**YOUR TASK:**
Set down, exactly as written, the lines from the line holding "Real Estate Photography" to the end of the data, inclusive, skipping any pictures.

**DATA TO EXAMINE:**
========

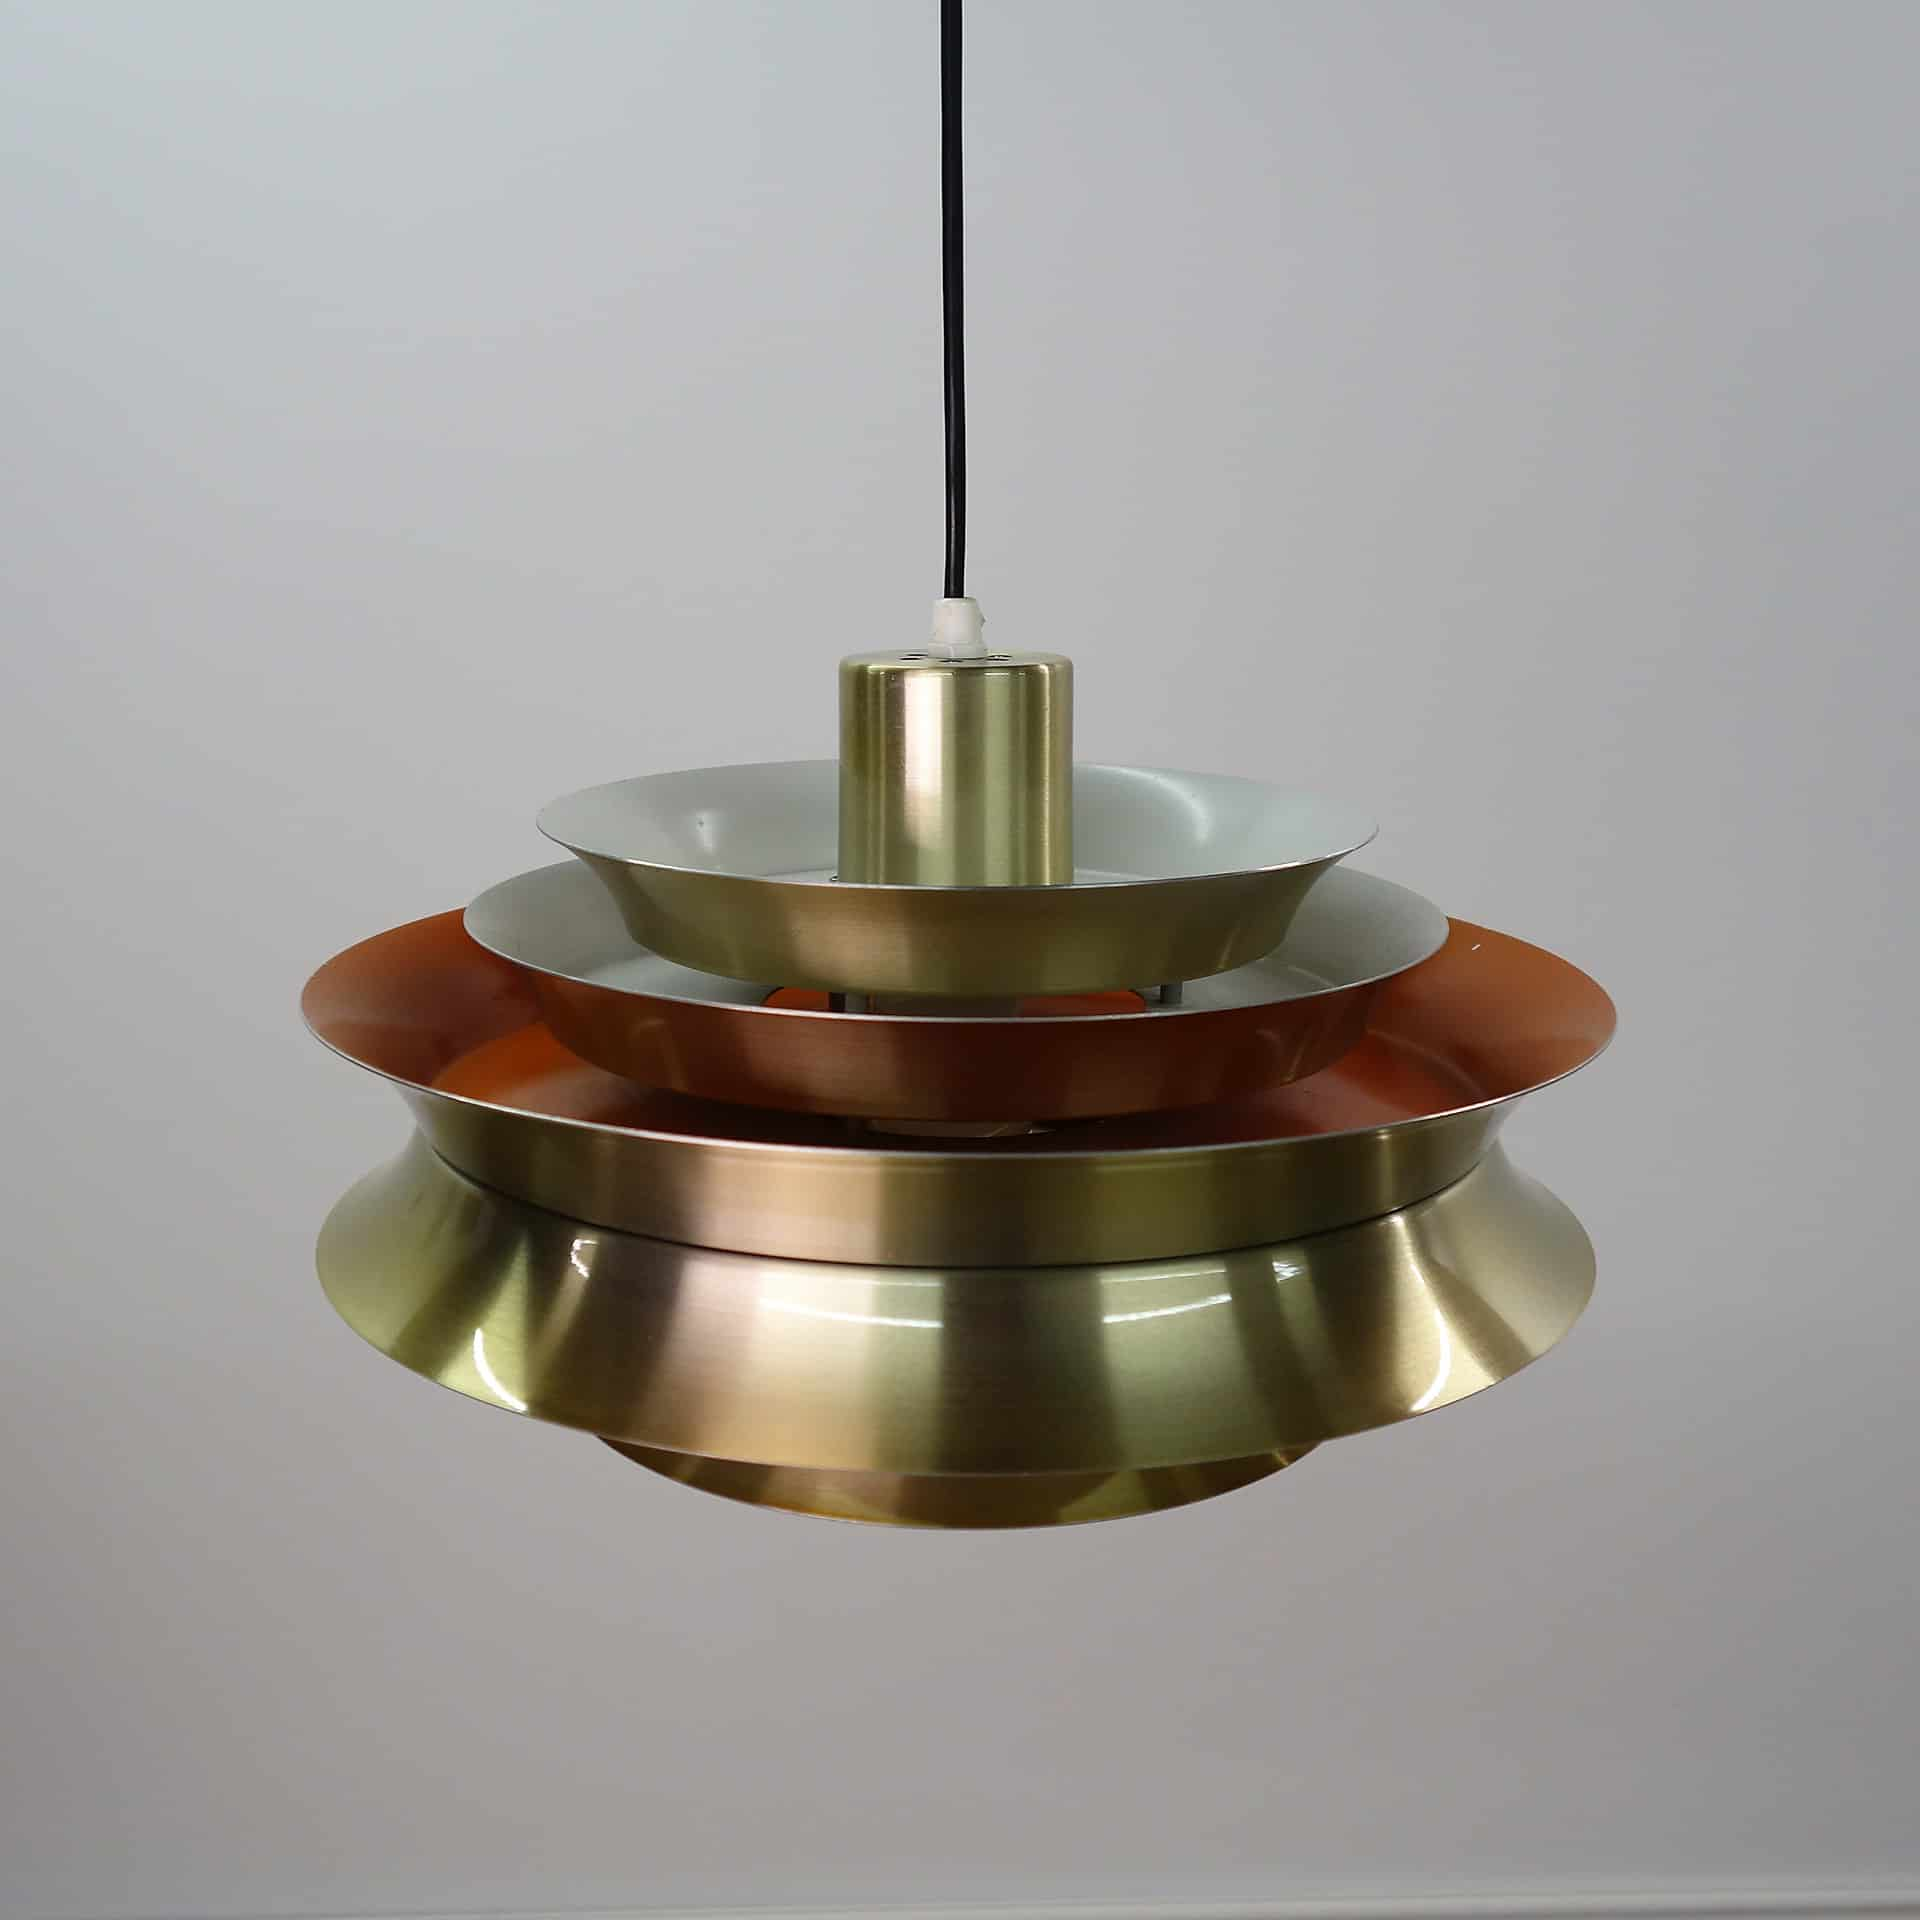 Fog & Morup style brass multi tiered light
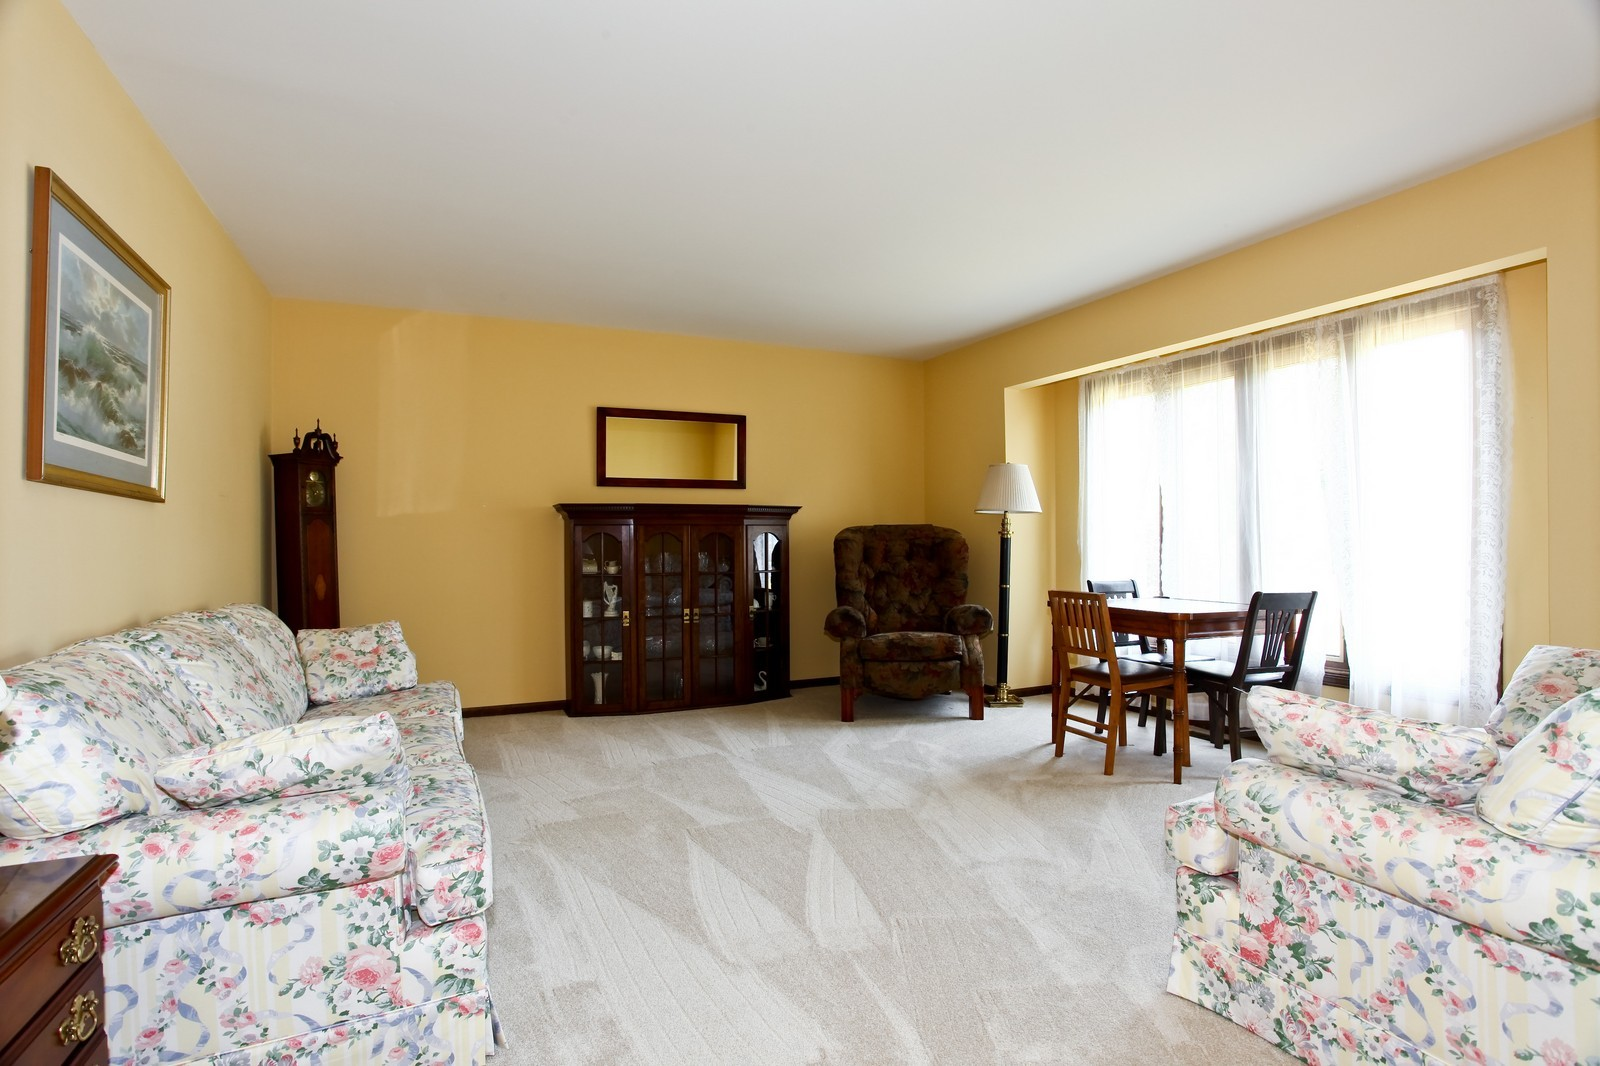 Real Estate Photography - 5N300 Sundance, Saint Charles, IL, 60175 - Living Room
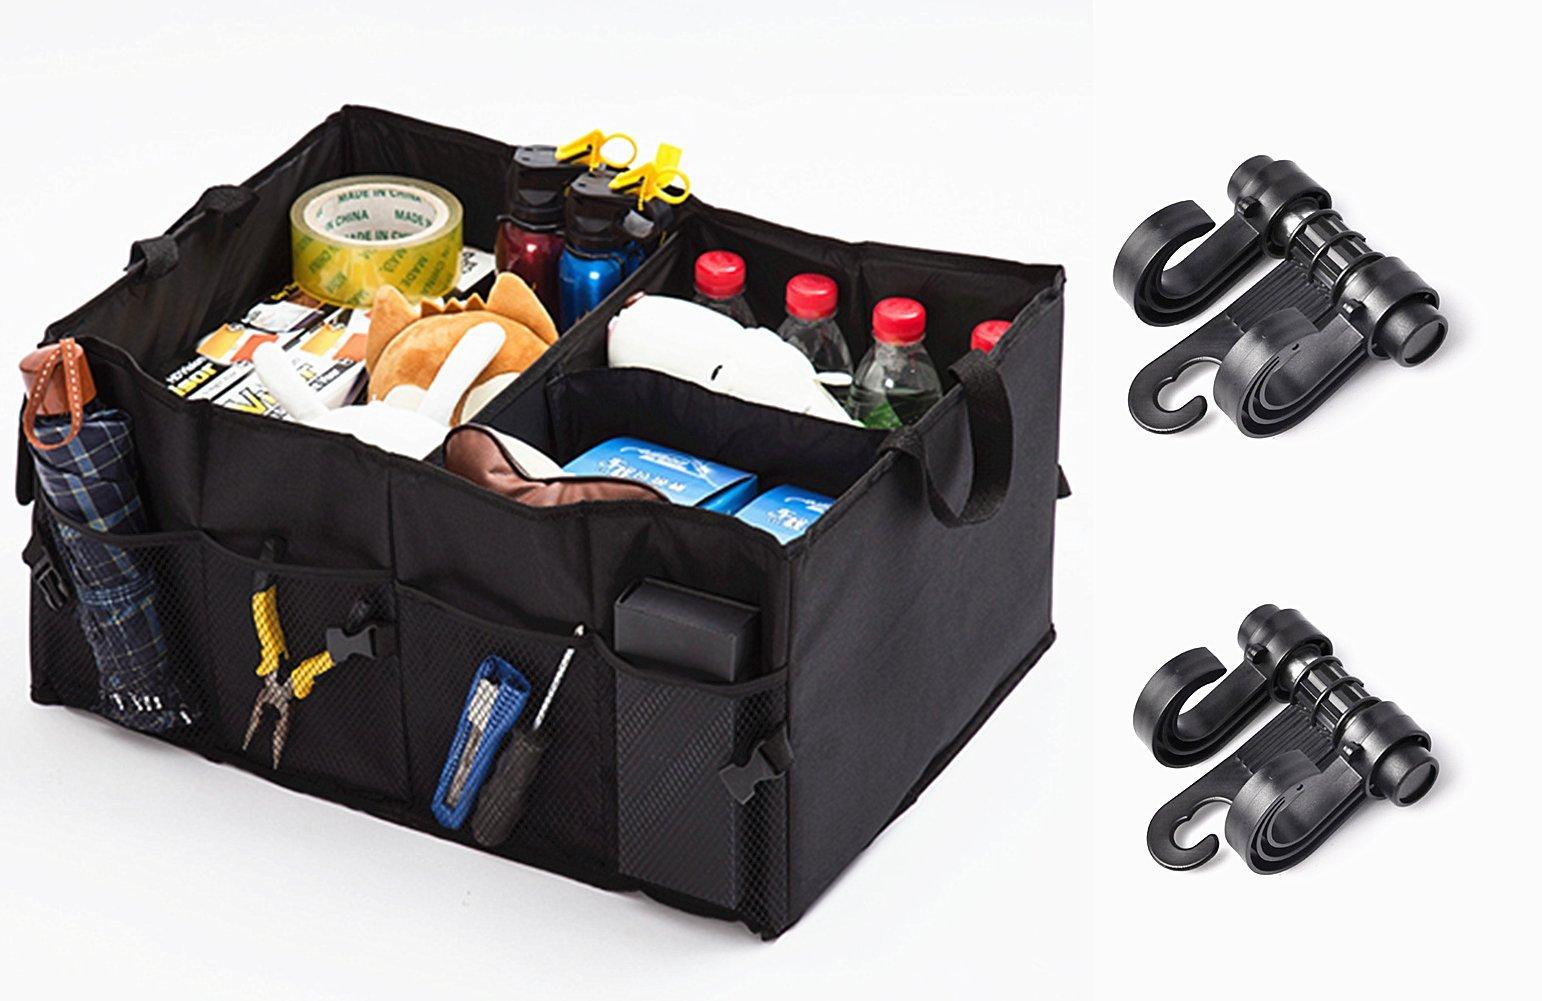 PiXiu-XP 1Car Trunk Organizer-2 Pack Seat Headrest Hook(black) Kids Accessories Backseat Organizer
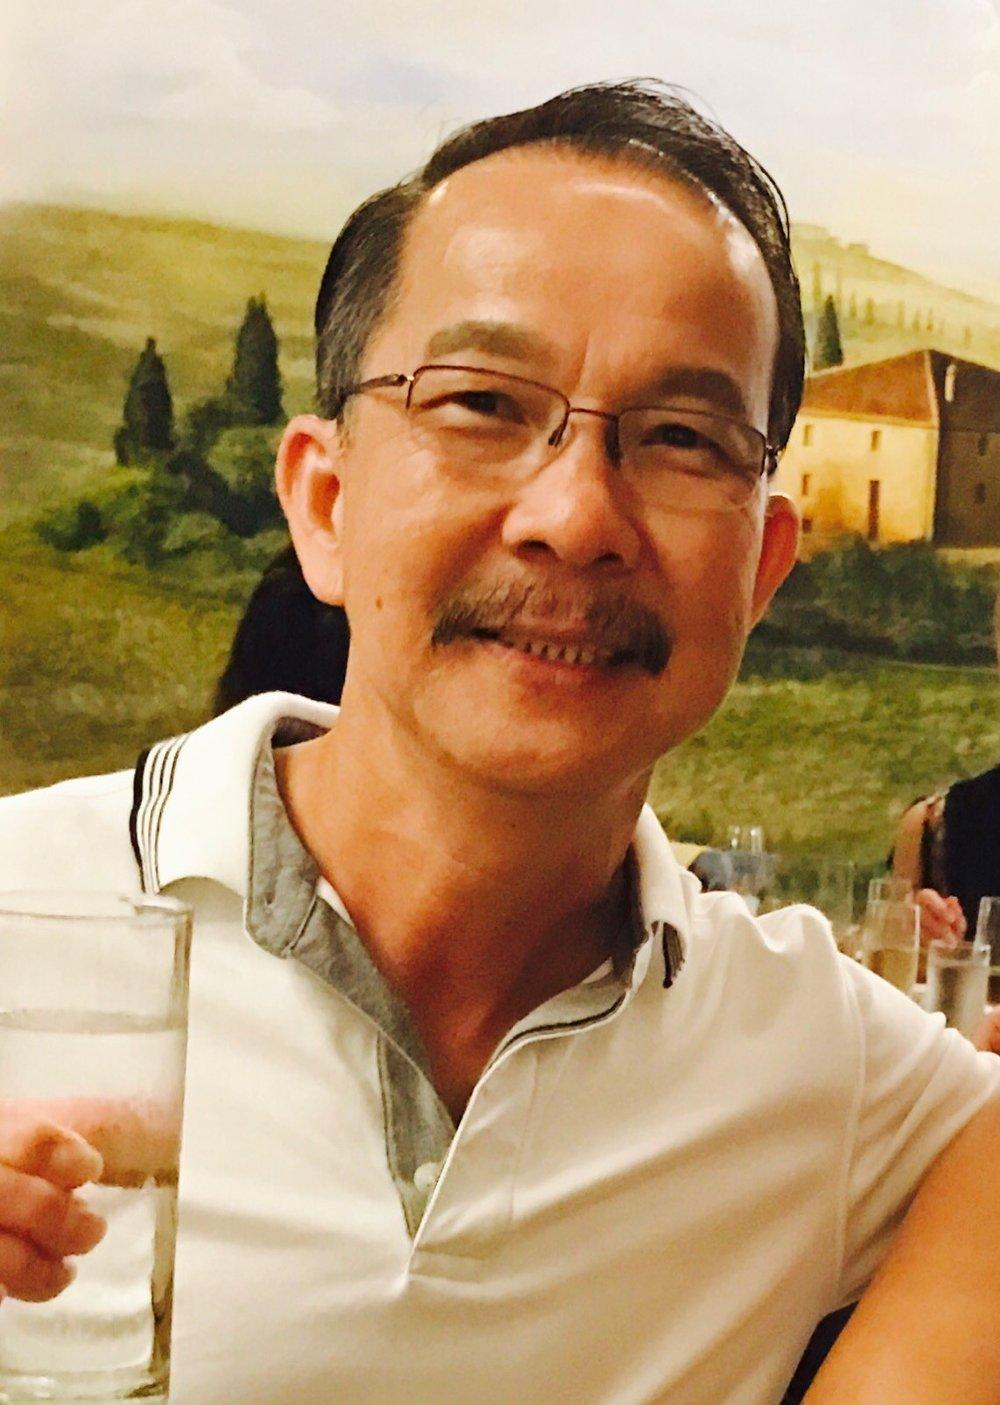 Chef Taylor Chung
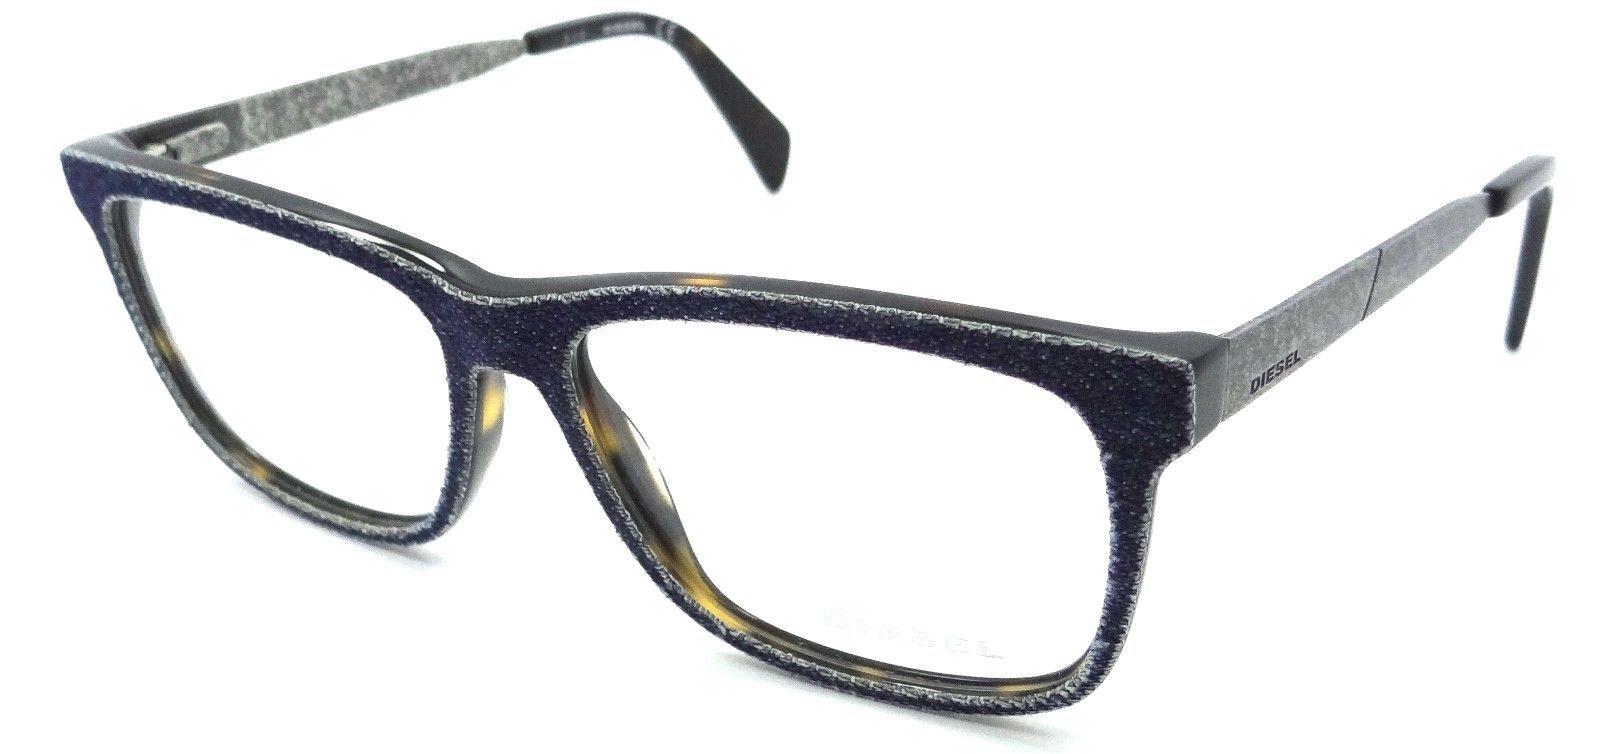 e78cbff6b2 Diesel Rx Eyeglasses Frames DL5161 055 and 50 similar items. S l1600

========

**TASK RESULT:**
 Real Estate Photography - 5N300 Sundance, Saint Charles, IL, 60175 - Living Room
 PiXiu-XP 1Car Trunk Organizer-2 Pack Seat Headrest Hook(black) Kids Accessories Backseat Organizer
 Chef Taylor Chung
 e78cbff6b2 Diesel Rx Eyeglasses Frames DL5161 055 and 50 similar items. S l1600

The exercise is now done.